During the past 20 years, the health level of the Chinese people has rapidly deteriorated with various diseases rapidly increasing. The situation is shocking. China's national health has deteriorated sharply in recent years. Although weather, water pollution and other factors also exist, the harm from GM soybeans can not be eliminated. Assuring absolute safety of the food supply is a firm policy of the state. On the massive issue of human health and life, we have no room for trial and error. Now is the time to dismantle the "information barrier" on GM food.

Concerned departments should seriously carry out epidemiological investigations, face up to reality, control the risks, carry out the prevention priority principle, and adopt effective measures to ensure the bottom line of life and health safety of the people

Mas o texto chinês que está impresso no jornal e que aparece no nosso blog acima é muito mais longo: traduzido e incluindo as referências, ele tem cerca de 10.000 palavras e seu conteúdo é uma colagem de preocupações que circulam na internet com uma pseudo roupagem científica. Ao que tudo indica o velho coronel empenhou pelas orelhas, além de dizer disparates (como o glifosato ser componente do agente laranja!). Devemos dar a ele, contudo, o atenuante de algum erro de tradução.

O blog de onde veio a informação é chinês (blog.sina.com.cn/s/blog_4bb17e9d0102edhg.htmlblog.sina.com.cn/s/blog_4bb17e9d0102edhg.html)  e é cuspido e cagado o site do Sustainable pulse ou outro congênere ocidental, De lá os meus caros 5 ou 6 leitores podem copiar o texto e colar no Google translator, como eu fiz.

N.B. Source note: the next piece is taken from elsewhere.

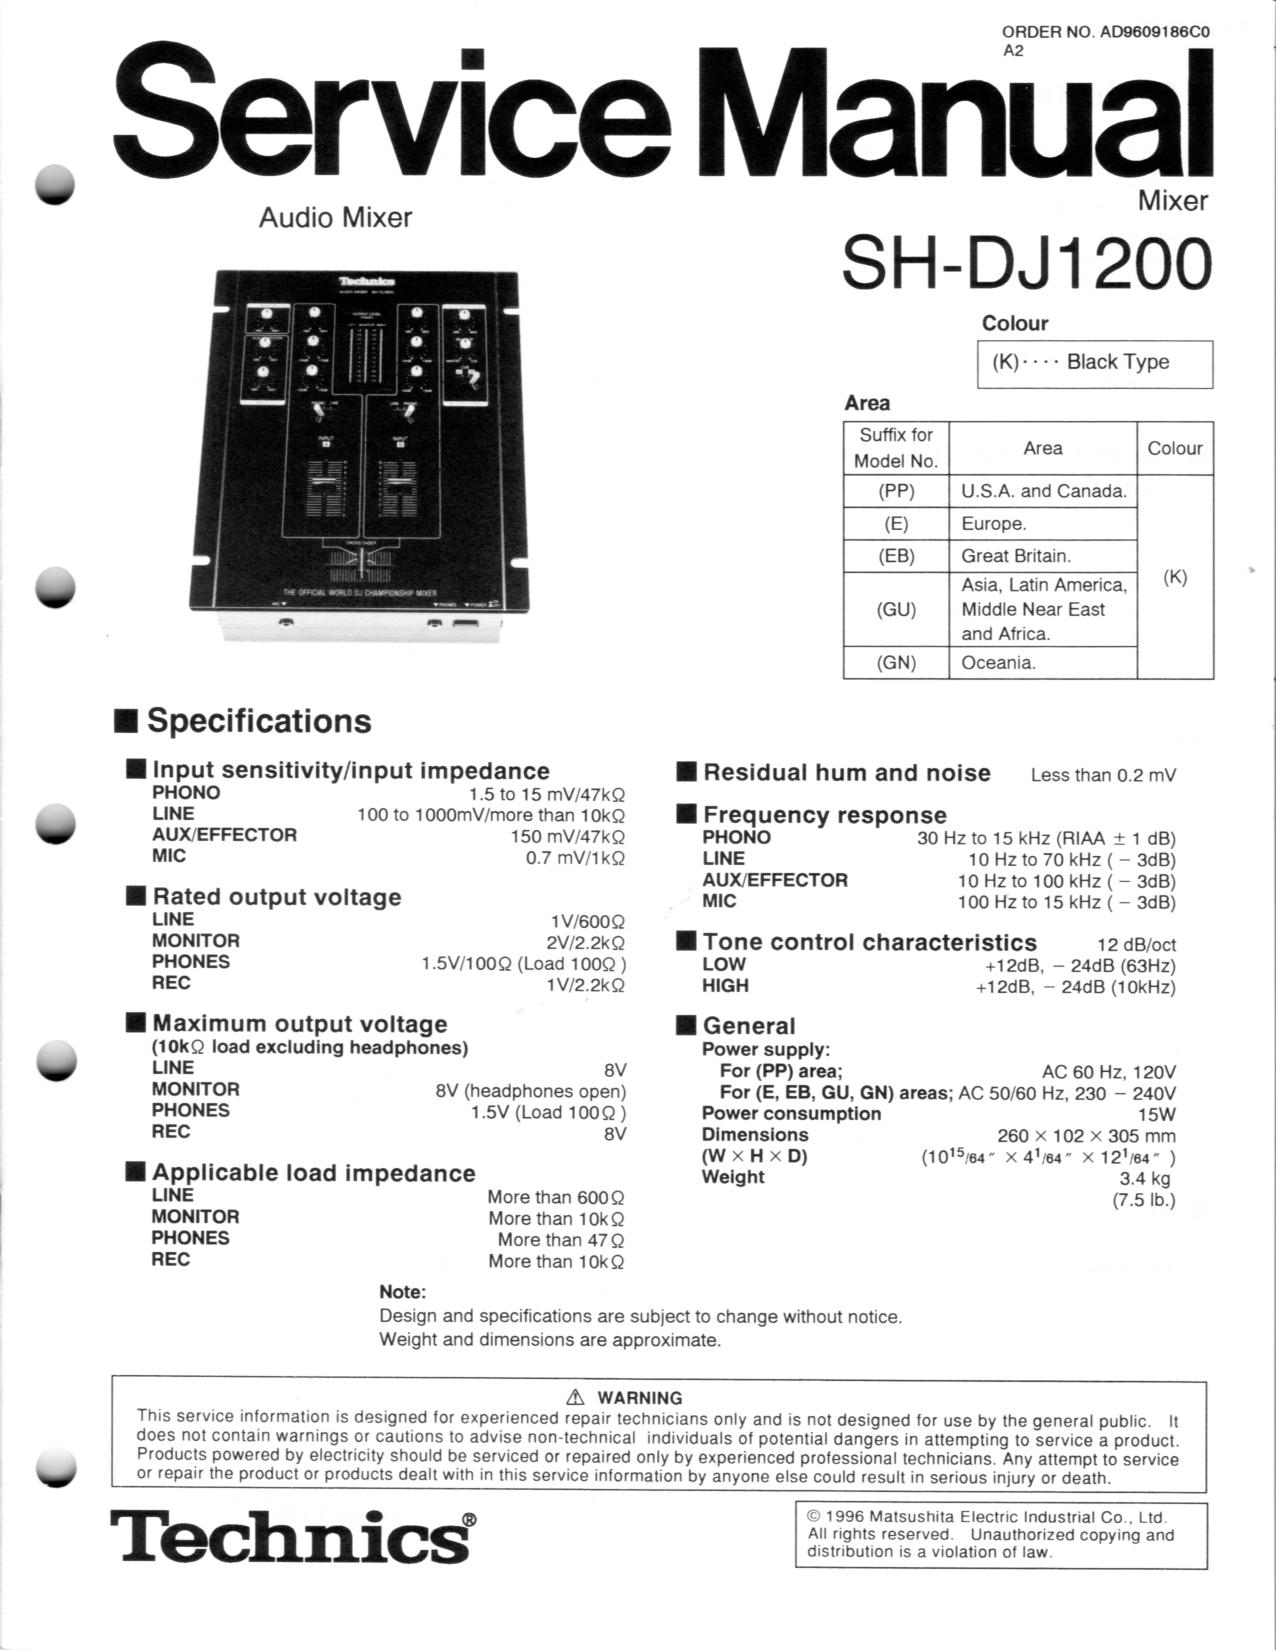 SH-DJ1200 service manual and diagrams

Apêndice 2: Vale a pena uma leitura da matéria do Estadão (link), origem da folie furieuse que se desencadeou entre os sites “engajados na luta contra os OGMs”. A matéria traz ao leitor as mais recentes informações que circulam contra as plantas transgênicas e sua adoção no Mundo.

Logo no início a matéria nos fala da proibição que o Senado Frances fez à única variedade de milho transgênico que vem sendo plantada na Europa. O que elaesqueceu de dizer foi que todos os órgãos técnicos franceses foram claros em afirmar: esta proibição não faz sentido do ponto de vista de segurança ambiental e à saúde. Foi uma decisão política, nada mais.

Depois otexto envereda pelo caso da tal Academia Militar de Ciências, que já comentei antes. E continua no caso curioso do Sri Lanka, dizendo que o Governo de lá proibiu a venda do glifosato por causa de uma correlação com doença renal crônica naquele país. Aqui ele resvalou da crítica aos transgênicos à luta contra os pesticidas. Depois que um artigo científico feito por pesquisadores do Sri Lanka foi publicado sobre esta correlação, o Governo local resolveu suspender temporariamente a venda de glifosato. No mesmo site do Sustainable Pulse citado anteriormente (http://sustainablepulse.com/2014/05/13/sri-lanka-lifts-ban-sale-glyphosate/#.U3uRi9JdXrQ) está informado, entretanto, que no dia 12 de maio a suspensão das vendas de glifosato no Sri Lanka havia sido terminada por ordem do Ministério da Agricultura, por falta de justificativas para impor um banimento. Como o texto é de 9 de maio, a gente entende...mas um bom jornalista deve cheirar a barriga: é evidente que um país não vai suspender o uso do herbicida considerado mais seguro e mais empregado na agricultura por causa de um artigo científico isolado e muito especulativo. Para os leitores que podem avaliar o texto que deu origem ao imbróglio no Sri Lanka,  o link está aqui: http://www.mdpi.com/1660-4601/11/2/2125.

Em seguida o nosso bom jornalista resvala para a rotulagem, que nada tem a ver com a segurança dos transgênicos, mas com um direito de informação do consumidor. E termina misturando vaca louca, cabras transgênicas no Ceará e Luiz Gonzaga. Coitado do Velho Lua, que sempre foi um desenvolvimentista e queria para o Nordeste o que existe de mais avançado, sem perder as tradições de nossa gente.